### Data below
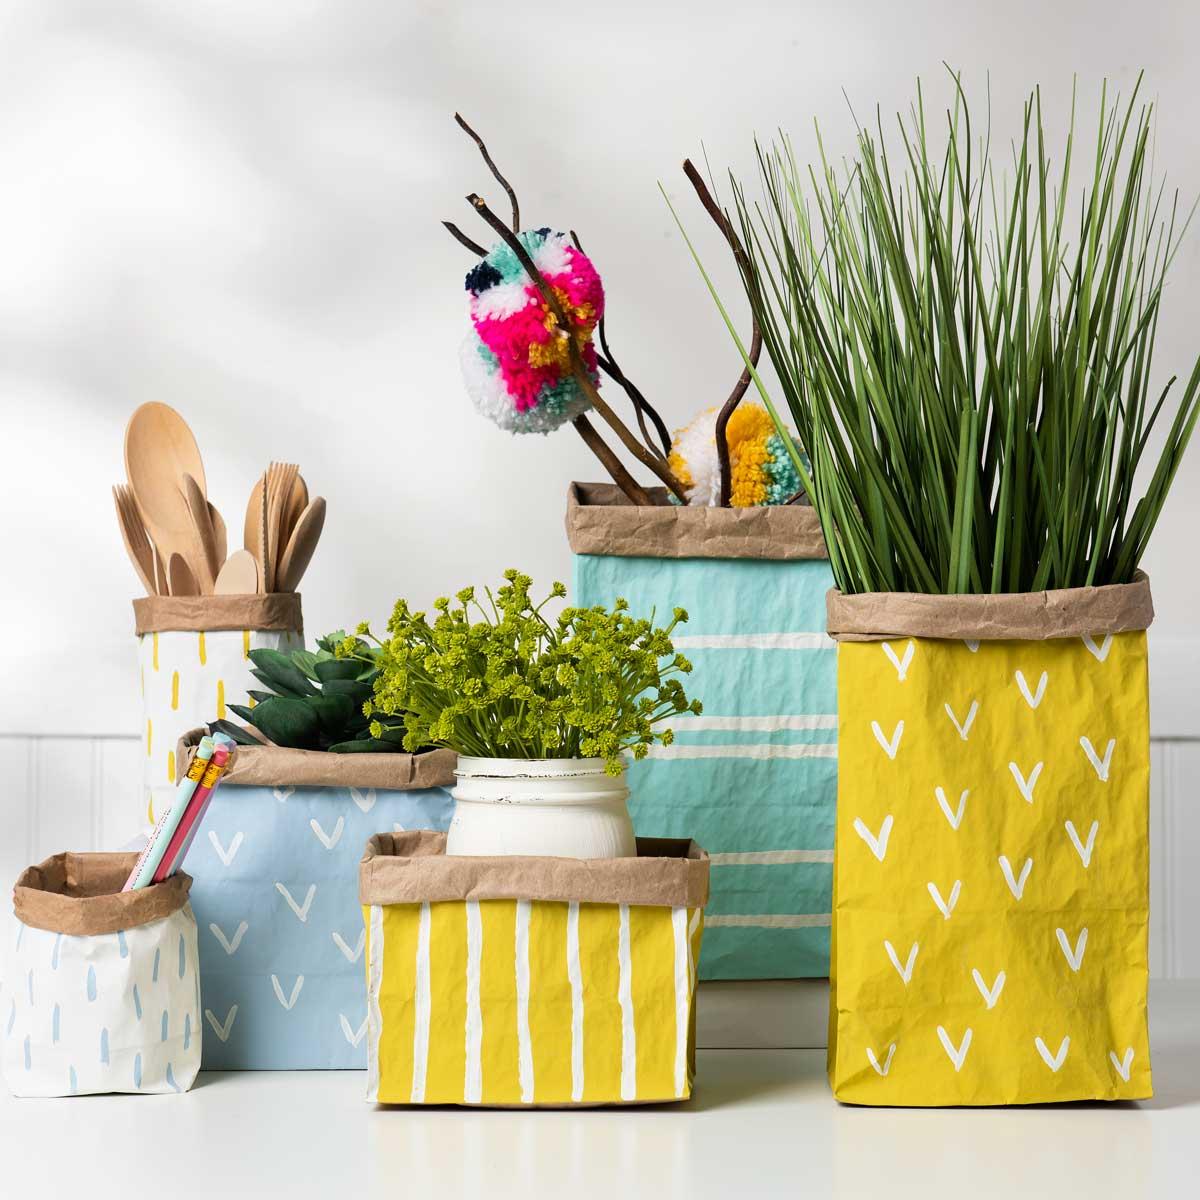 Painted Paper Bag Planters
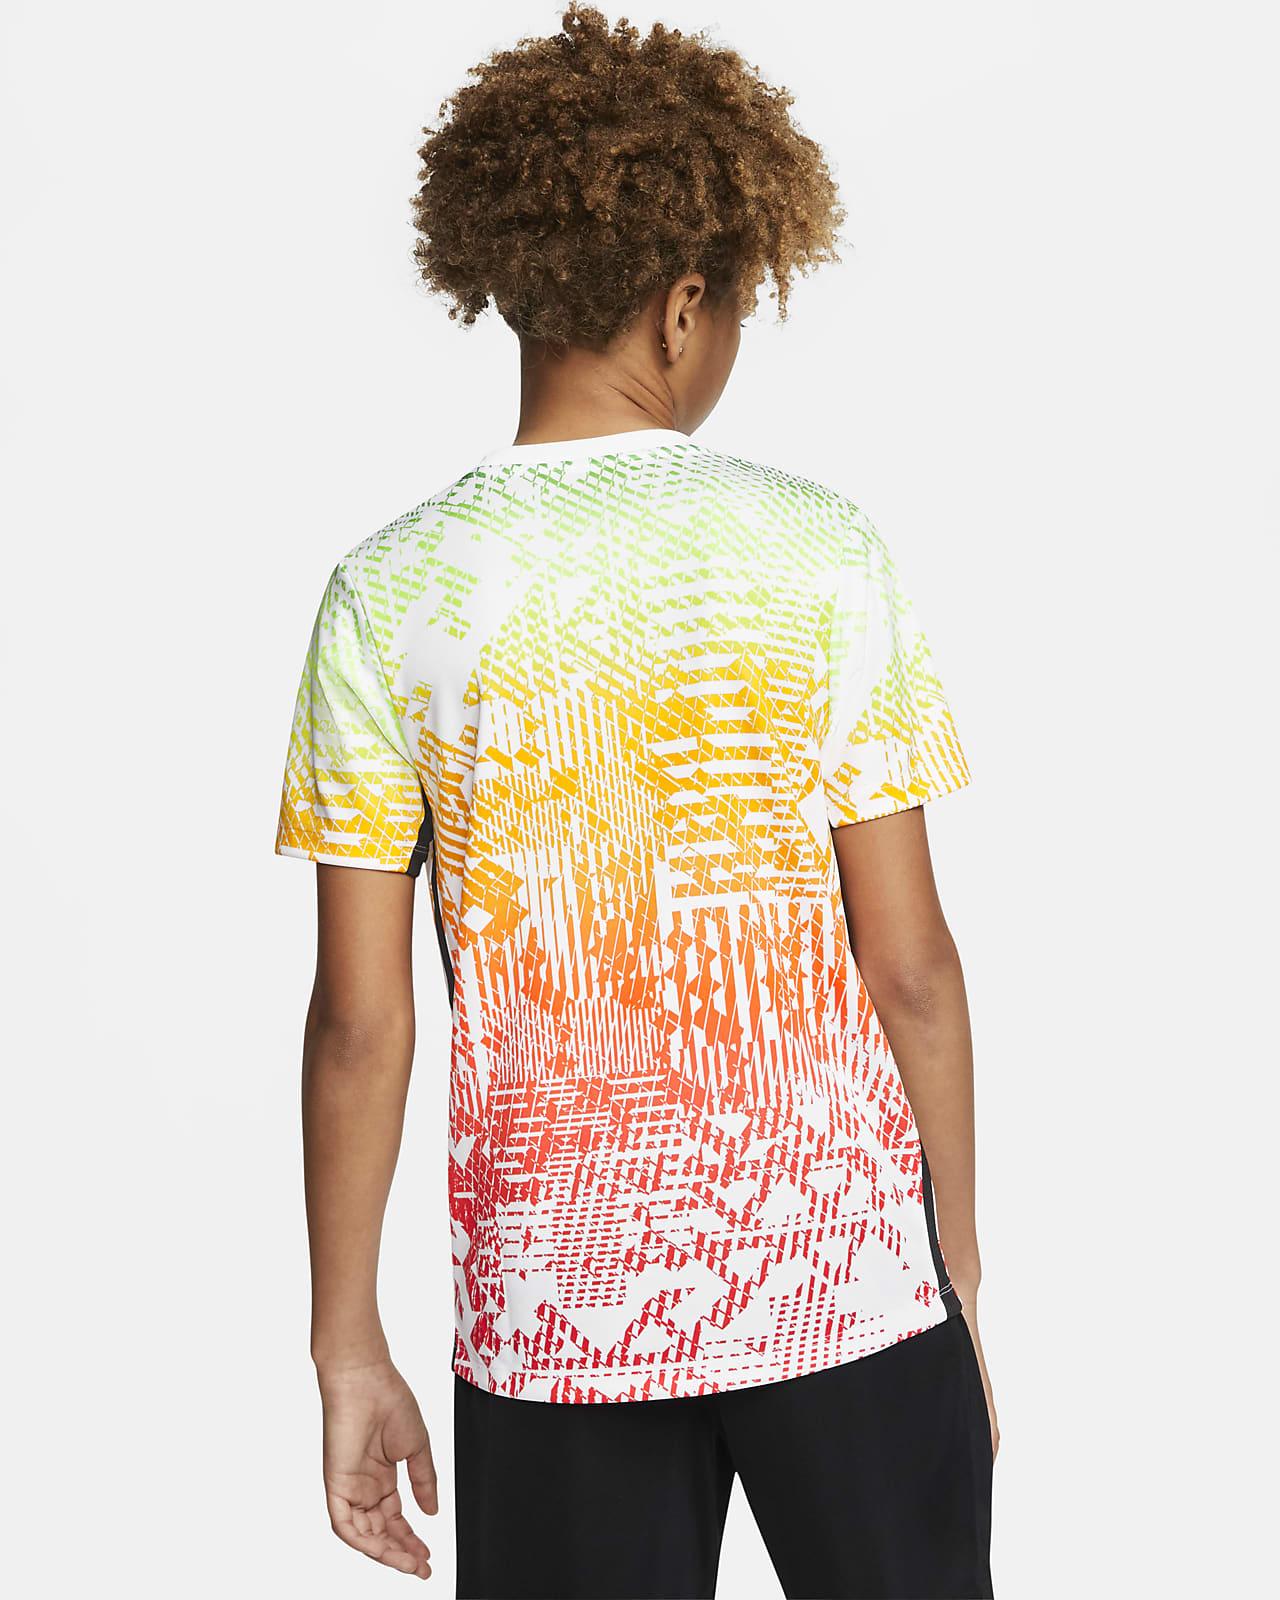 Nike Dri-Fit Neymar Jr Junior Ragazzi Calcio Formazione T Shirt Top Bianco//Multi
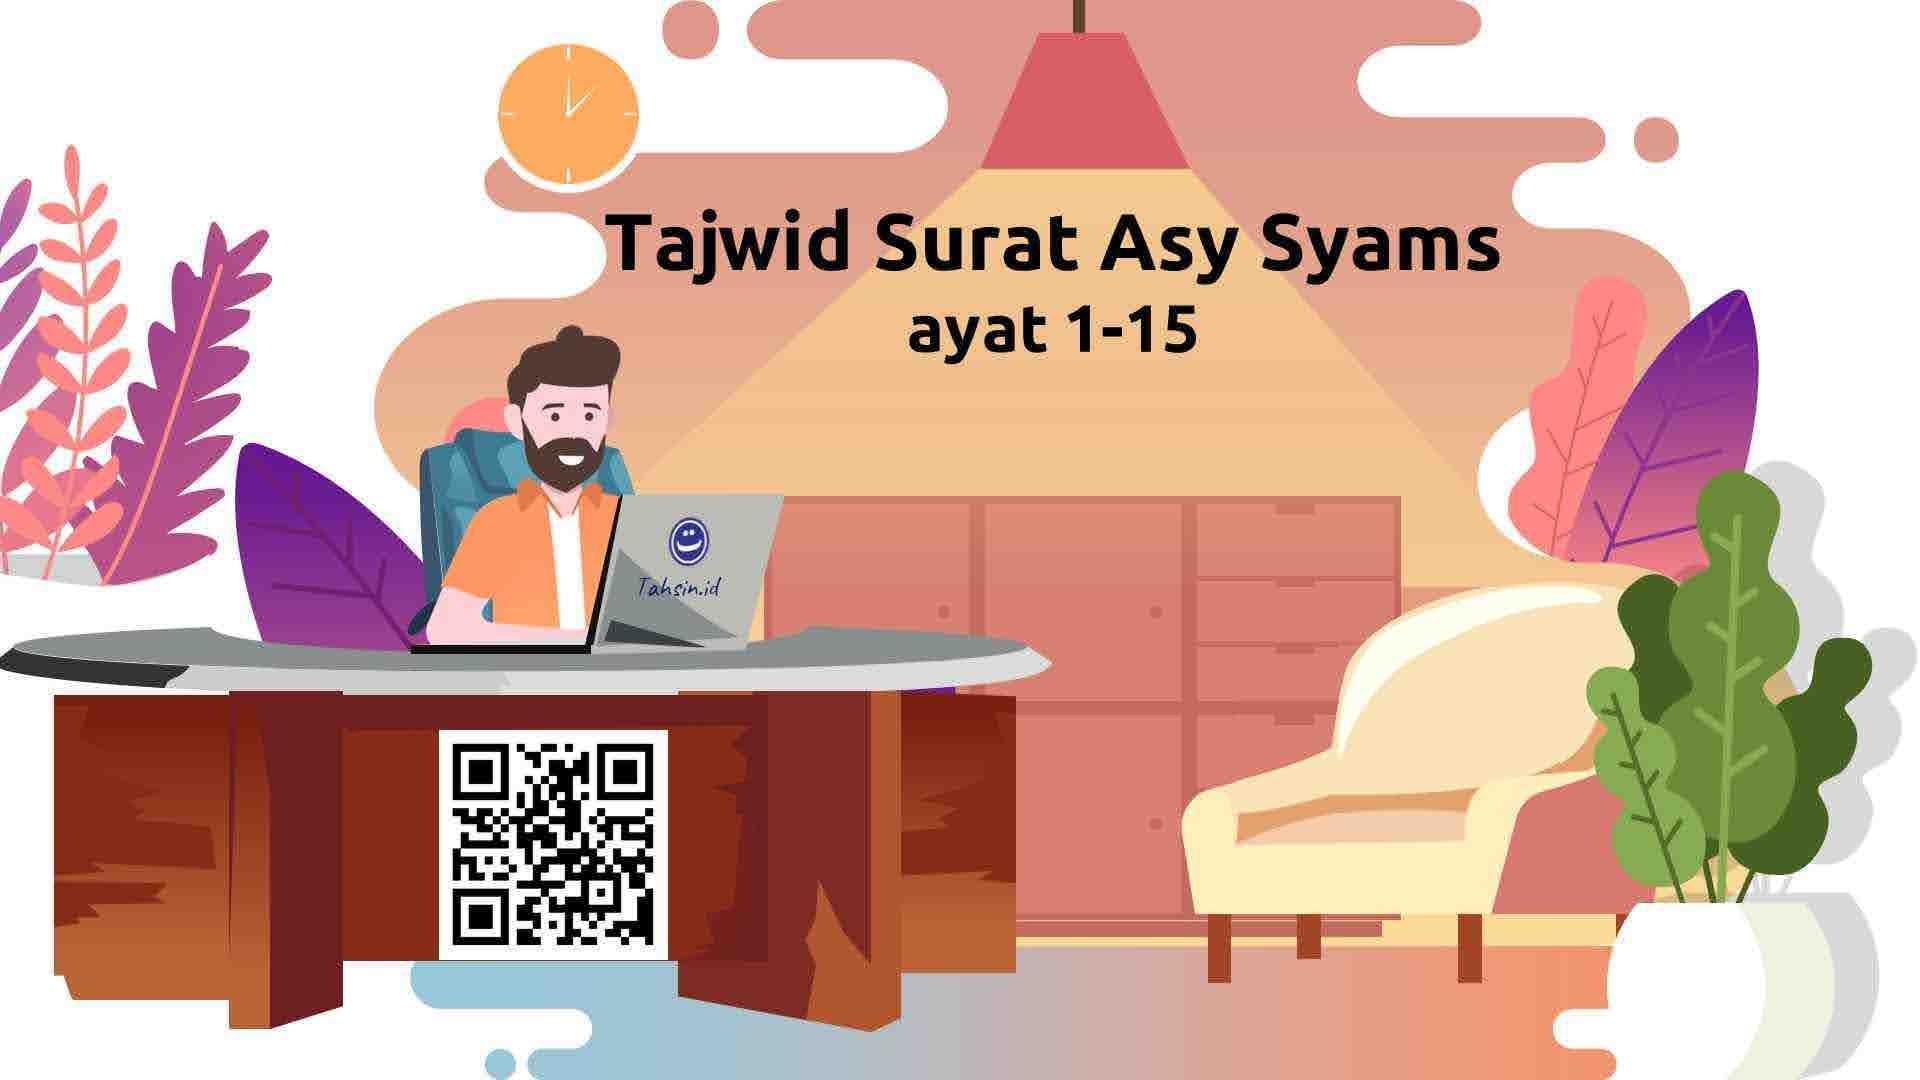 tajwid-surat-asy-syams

### Problem to solve
Print every line of the listing exactly, please, and leave the images out.

### Task result
 Painted Paper Bag Planters
 Nike Dri-Fit Neymar Jr Junior Ragazzi Calcio Formazione T Shirt Top Bianco//Multi
 tajwid-surat-asy-syams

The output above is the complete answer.